Data records:

"""

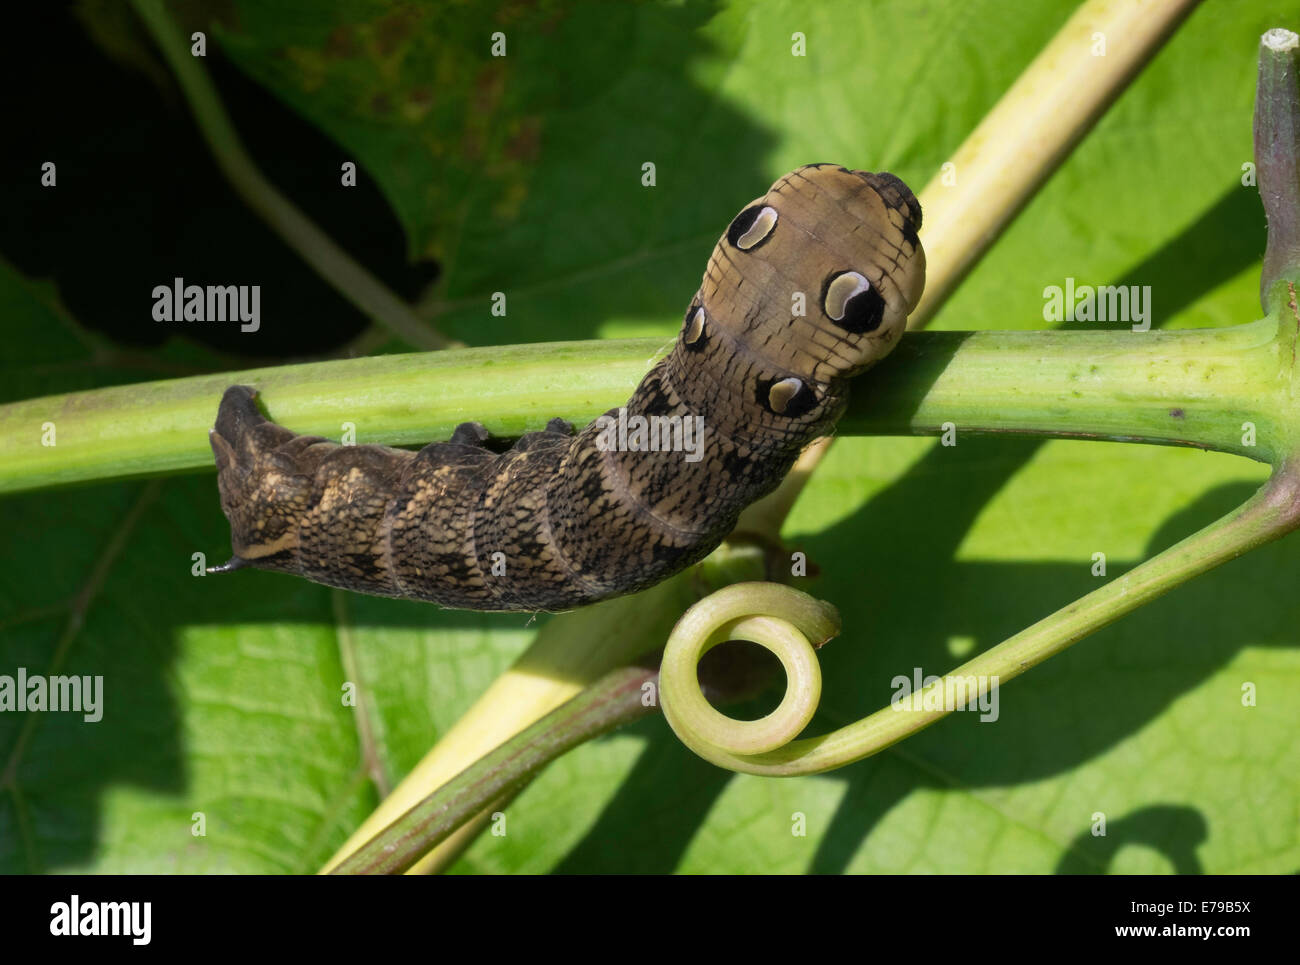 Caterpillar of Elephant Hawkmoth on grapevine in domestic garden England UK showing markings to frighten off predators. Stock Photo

"""
"""

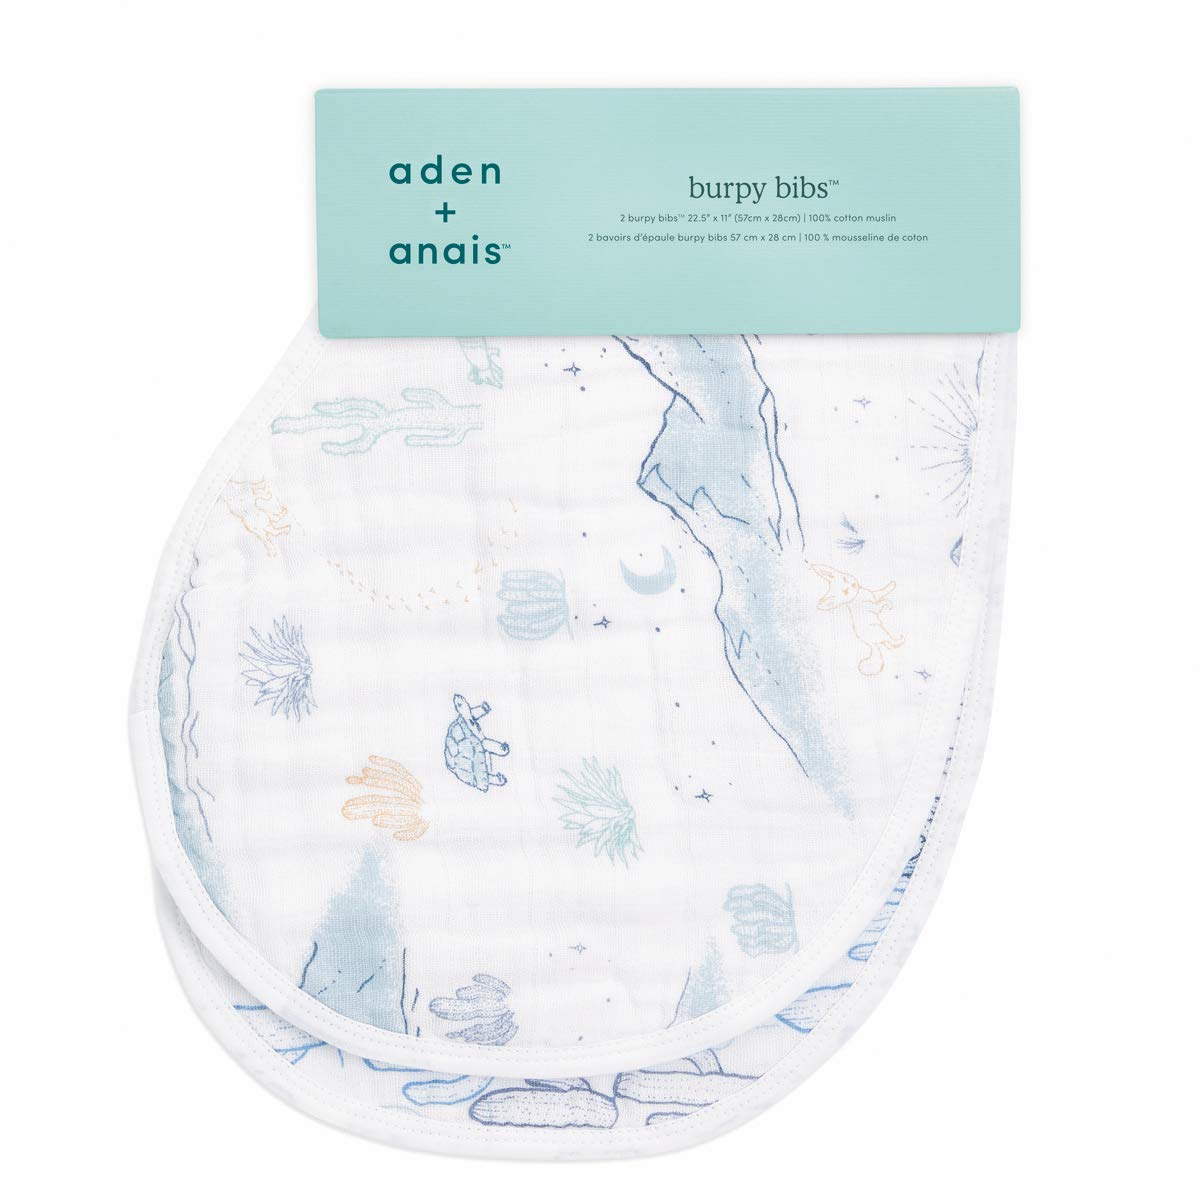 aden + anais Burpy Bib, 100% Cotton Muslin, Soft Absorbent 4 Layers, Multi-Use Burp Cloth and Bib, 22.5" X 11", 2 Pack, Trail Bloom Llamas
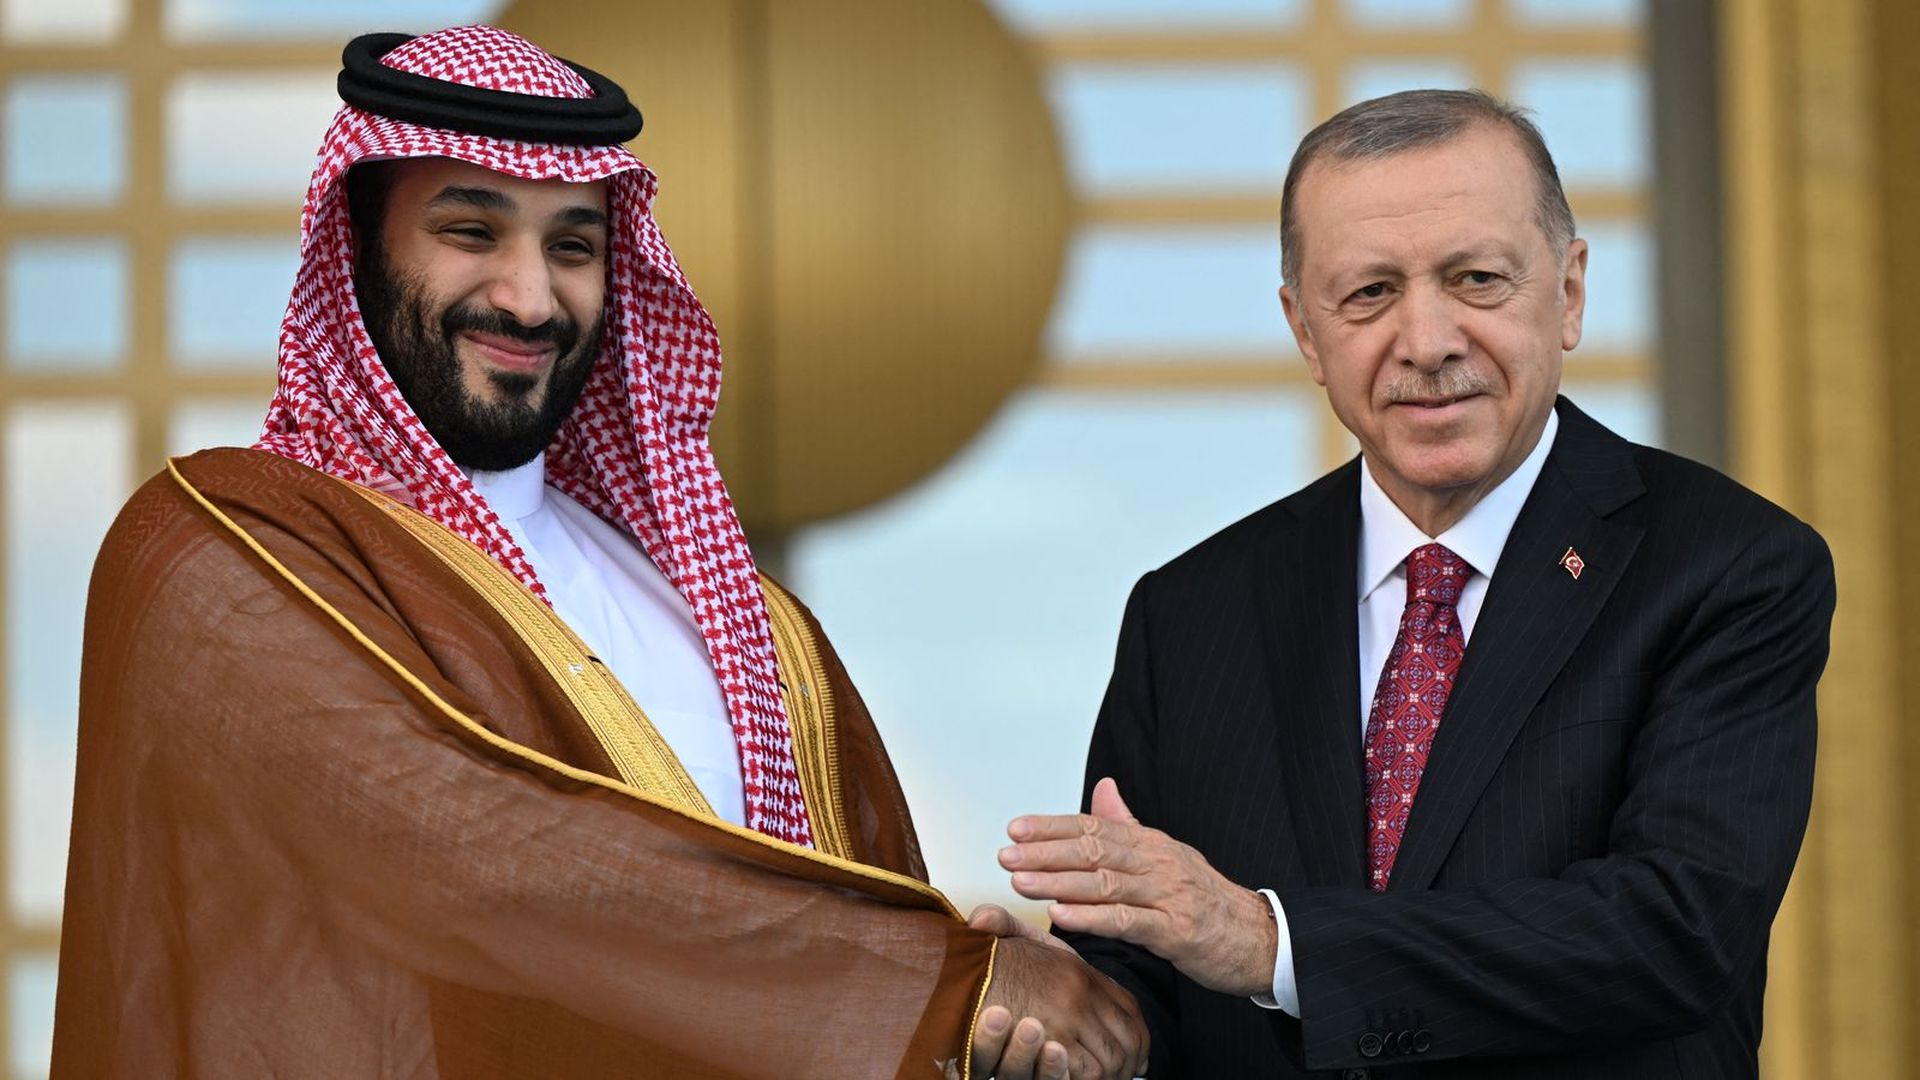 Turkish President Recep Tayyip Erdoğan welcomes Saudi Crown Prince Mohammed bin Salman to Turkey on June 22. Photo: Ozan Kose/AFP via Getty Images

"""

Work to be completed: For this exercise, reproduce exactly the lines of the records above from the one with "aden + anais" up to and including the one with "Turkish President Recep", without pictures.

Exercise result:
 aden + anais Burpy Bib, 100% Cotton Muslin, Soft Absorbent 4 Layers, Multi-Use Burp Cloth and Bib, 22.5" X 11", 2 Pack, Trail Bloom Llamas
 Turkish President Recep Tayyip Erdoğan welcomes Saudi Crown Prince Mohammed bin Salman to Turkey on June 22. Photo: Ozan Kose/AFP via Getty Images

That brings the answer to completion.